Since then, there have not really been any dramatic advances in aircraft toilet technology – if it ain’t broke, don’t fix it. The only noteworthy item is that the toilets on Boeing’s 787 Dreamliners have automatically closing lids (though it is almost impossible for modern plane loos to overflow as the waste tank is several metres away from the toilet and sensors warn when it is nearly full). Oh, and some toilets are getting smaller to really cram in those paying customers. The loos on Ryanair’s new 737 MAX planes are apparently so tiny you can only wash one hand at a time.

So what does happen to all that waste? Is it jettisoned into the sky? To all those fliers who make a point of holding it in until the plane reaches European soil, prepare to be sorely disappointed.

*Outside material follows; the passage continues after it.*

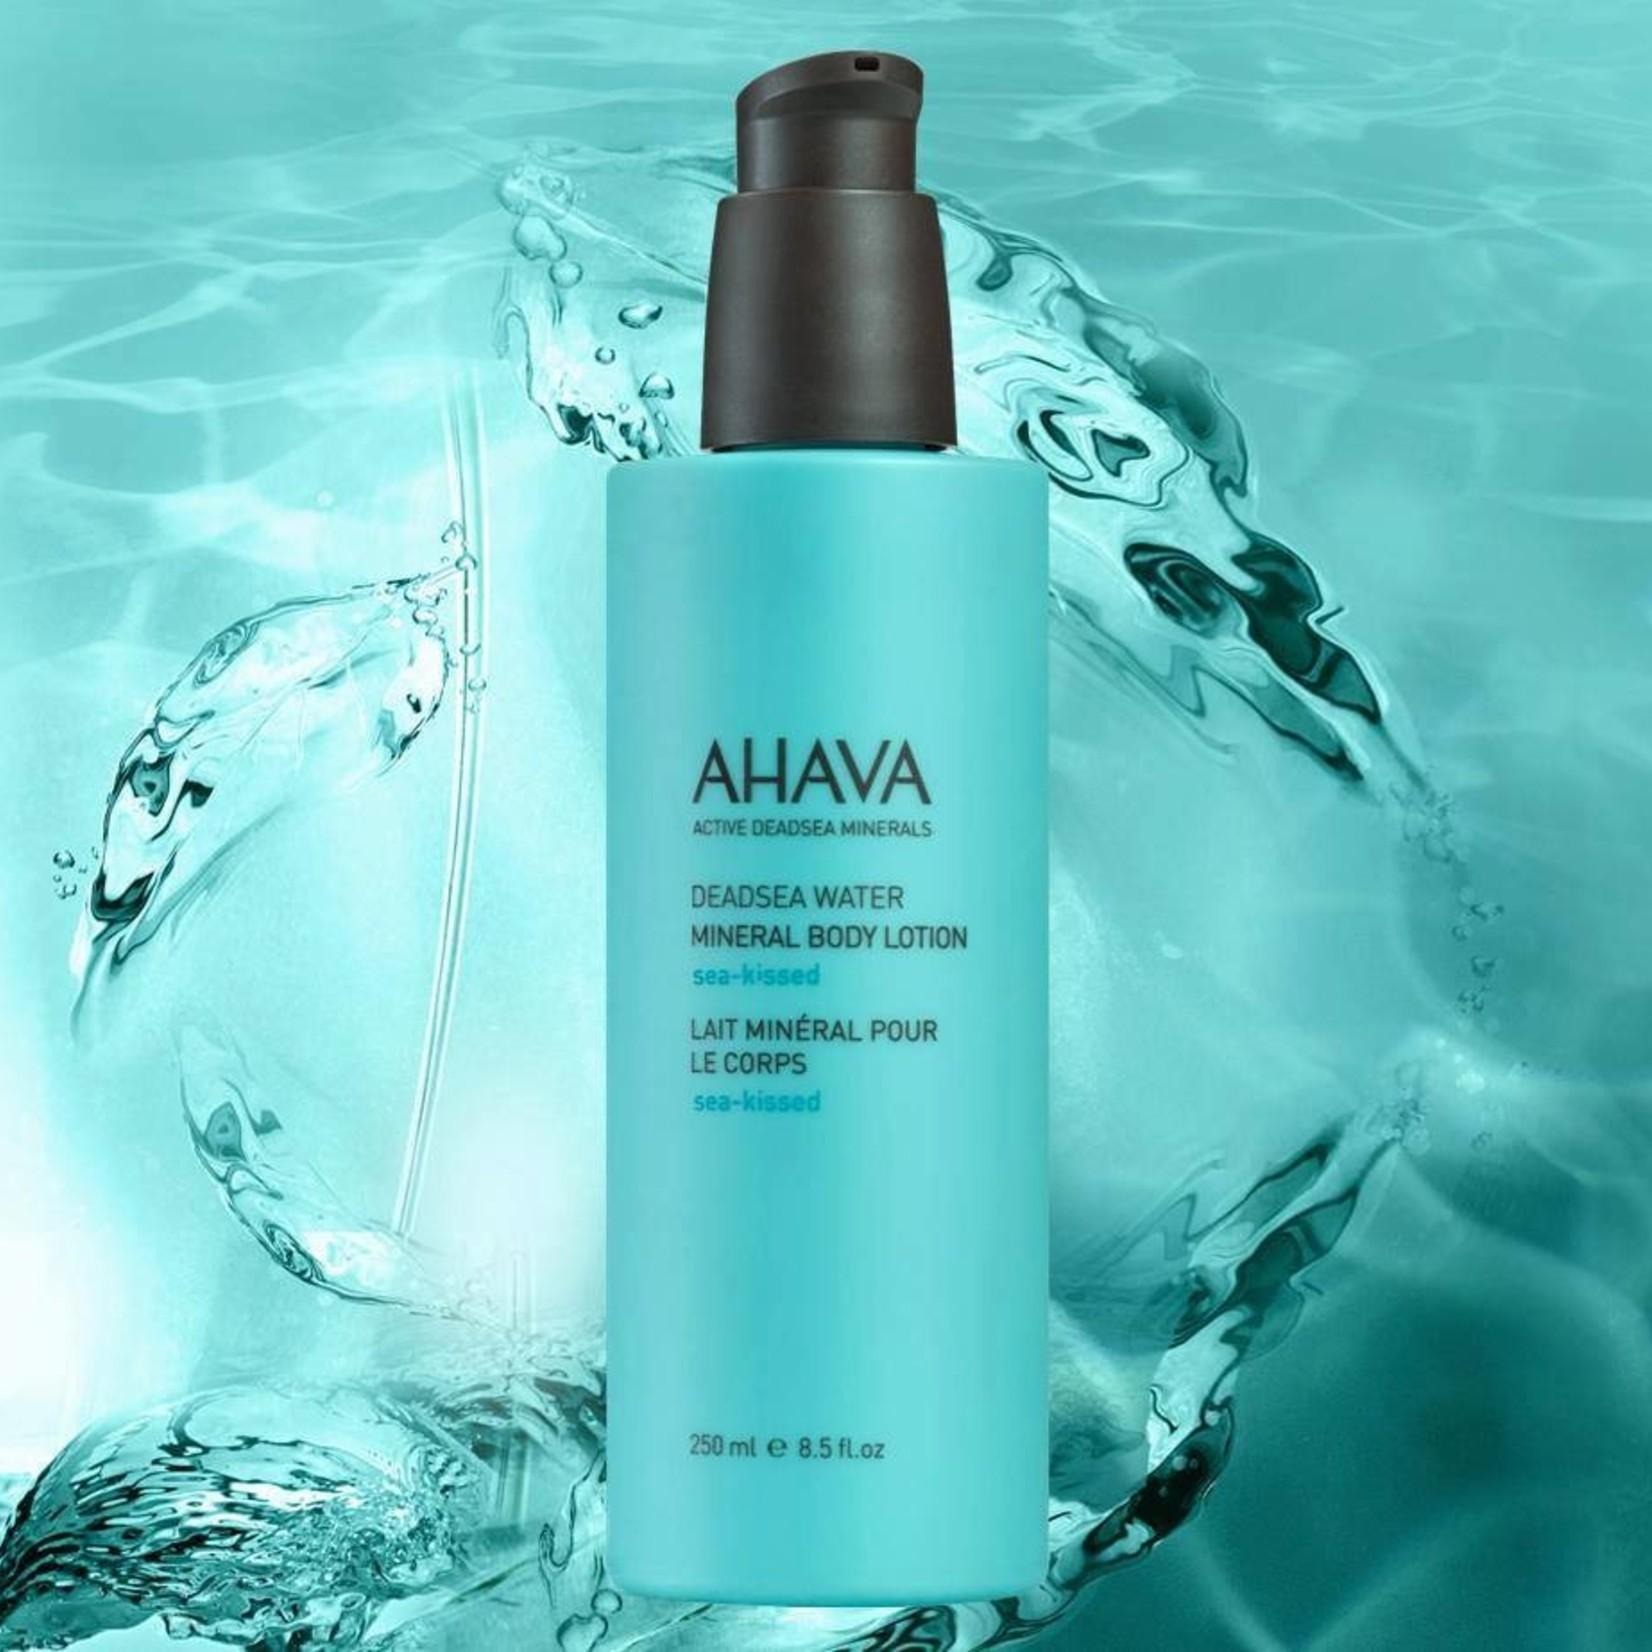 AHAVA Mineral body lotion sea kissed 250ml

“There is no way to jettison the contents of the lavatories during a flight,” explains Patrick Smith, a pilot and author of Cockpit Confidential, a book about air travel. “At the end of a flight, the blue fluid, along with your contributions to it, are vacuumed into a tank on the back of a truck. (The truck driver’s job is even lousier than the co-pilot’s, but it pays better.)



A trusty lav car


A trusty lav car


Credit: Getty

“The driver then wheels around to the back of the airport and furtively offloads the waste in a ditch behind a parking lot… Just kidding. In truth I don’t know what he does with it. Time to start a new urban legend.”

There is one caveat, however. It is impossible to empty passengers’ waste from an aircraft intentionally, but not by mistake, and there have been dozens of documented incidents of “blue ice” causing damage on the ground.

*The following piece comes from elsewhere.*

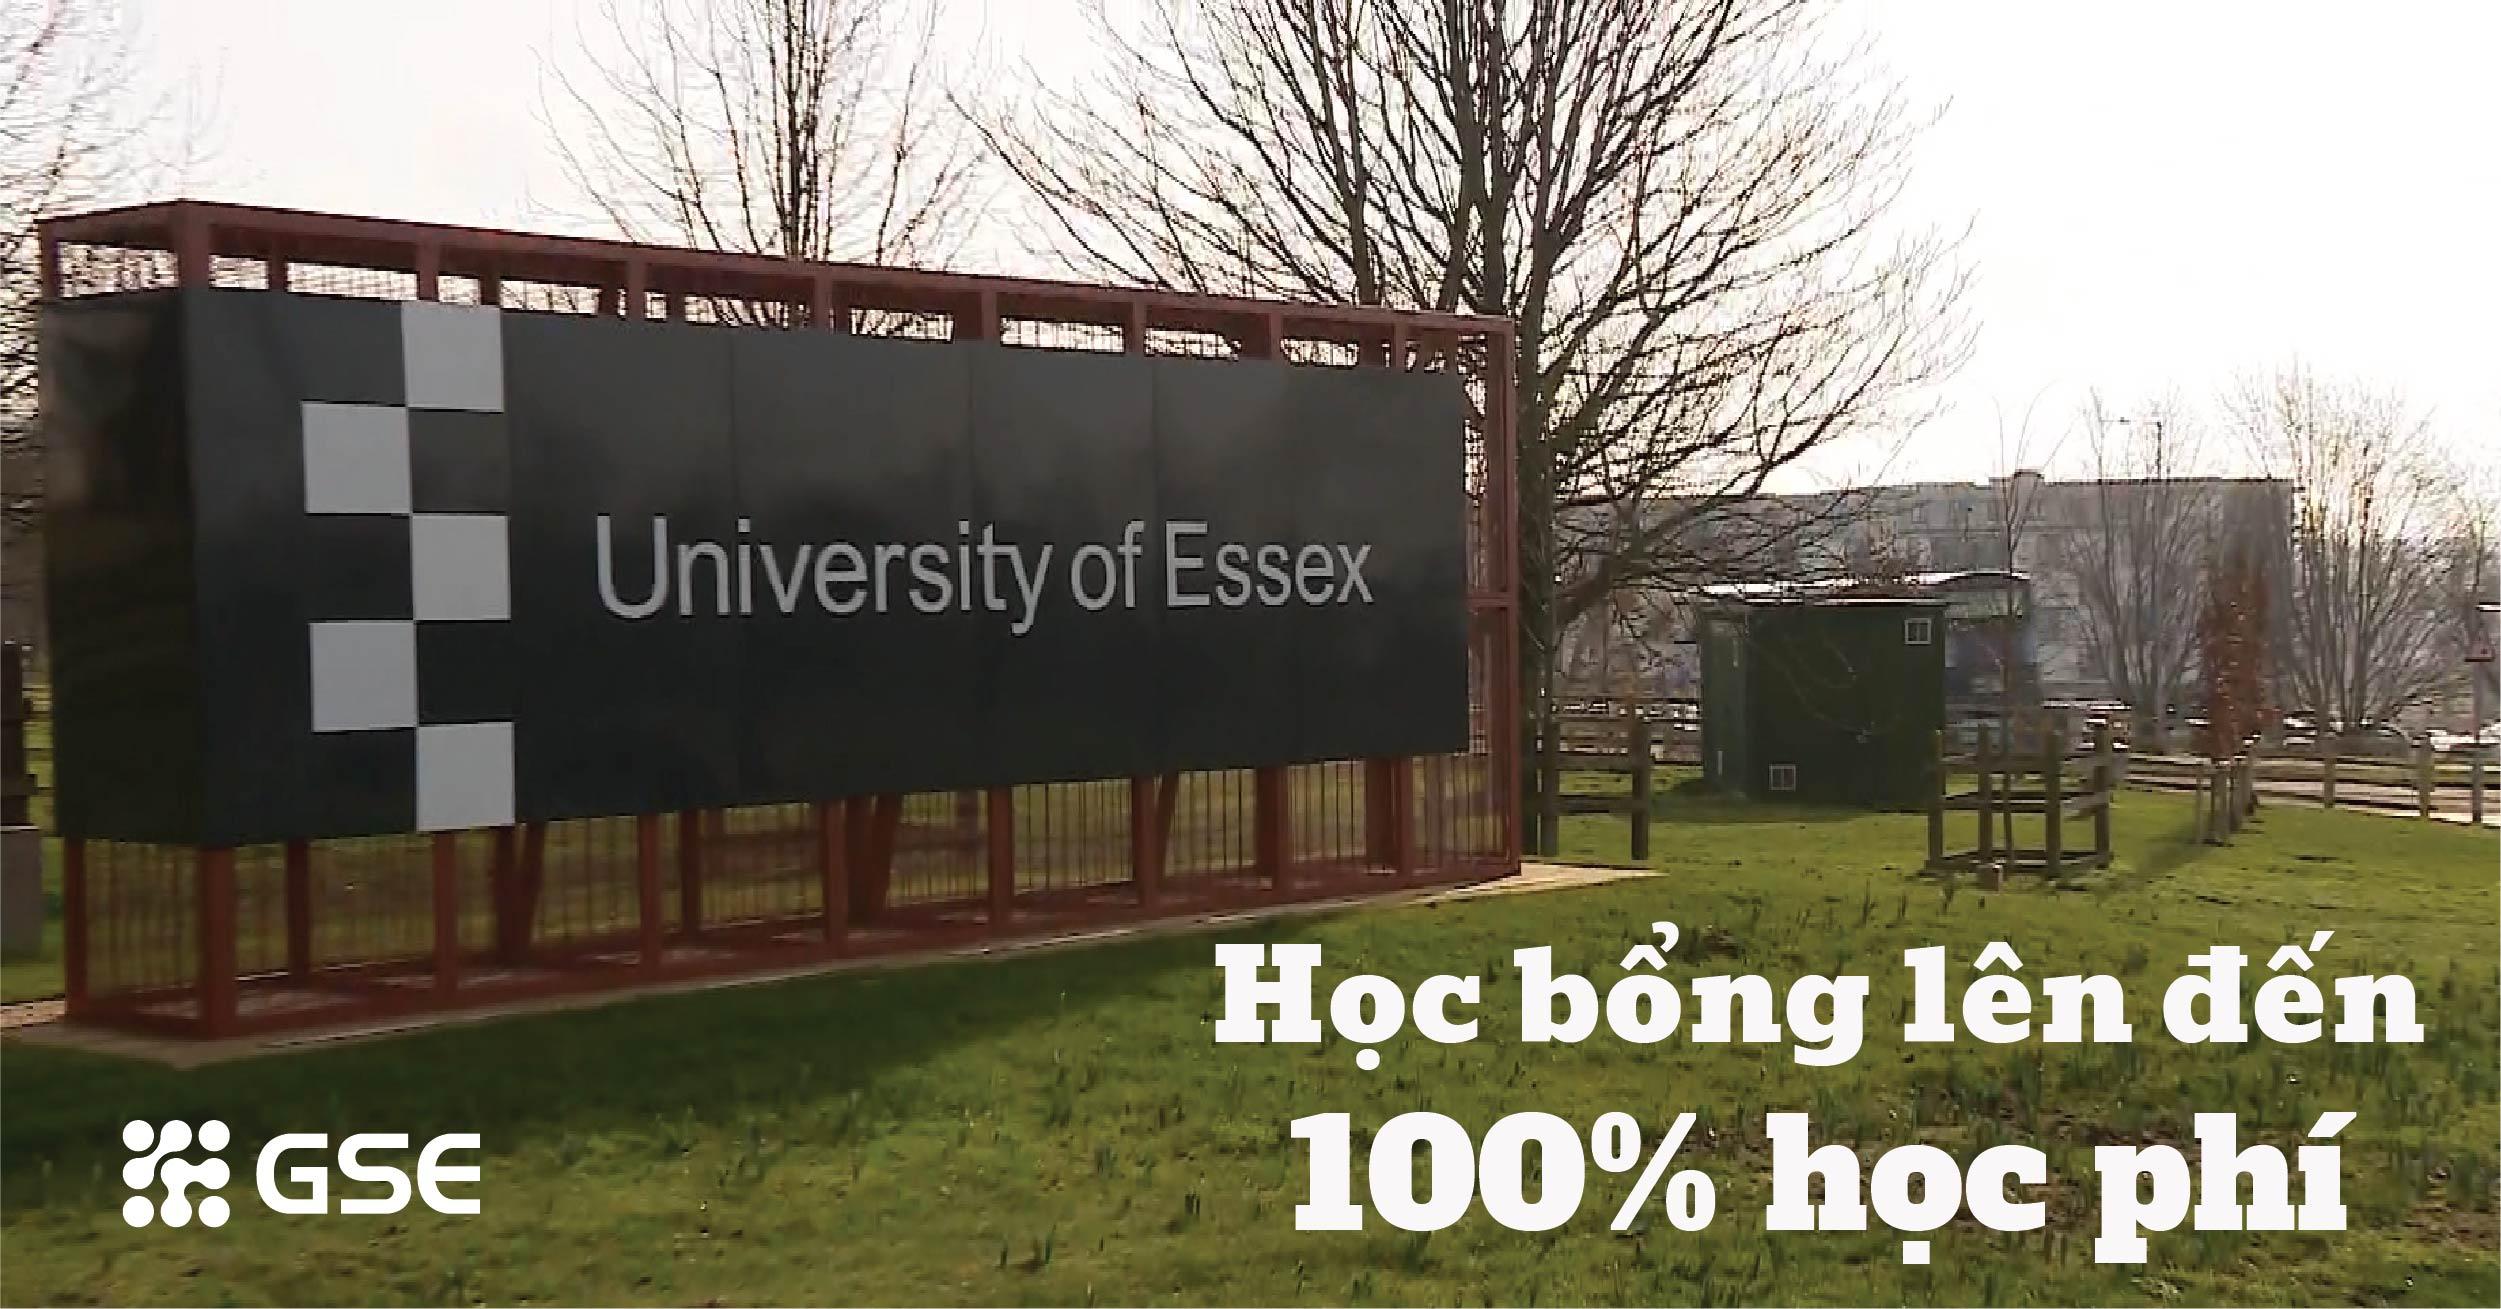 University Of Essex 03

“A man in California once won a lawsuit after pieces of blue ice fell from a plane and came crashing through the skylight of his sailboat,” added Captain Smith. “A leak, extending from a toilet’s exterior nozzle fitting, caused runoff to freeze, build, and then drop like a neon ice bomb. If you think that’s bad, a 727 once suffered an engine separation after ingesting a frozen chunk of its own leaked toilet waste, inspiring the line ‘when the s*** hits the turbofan’.”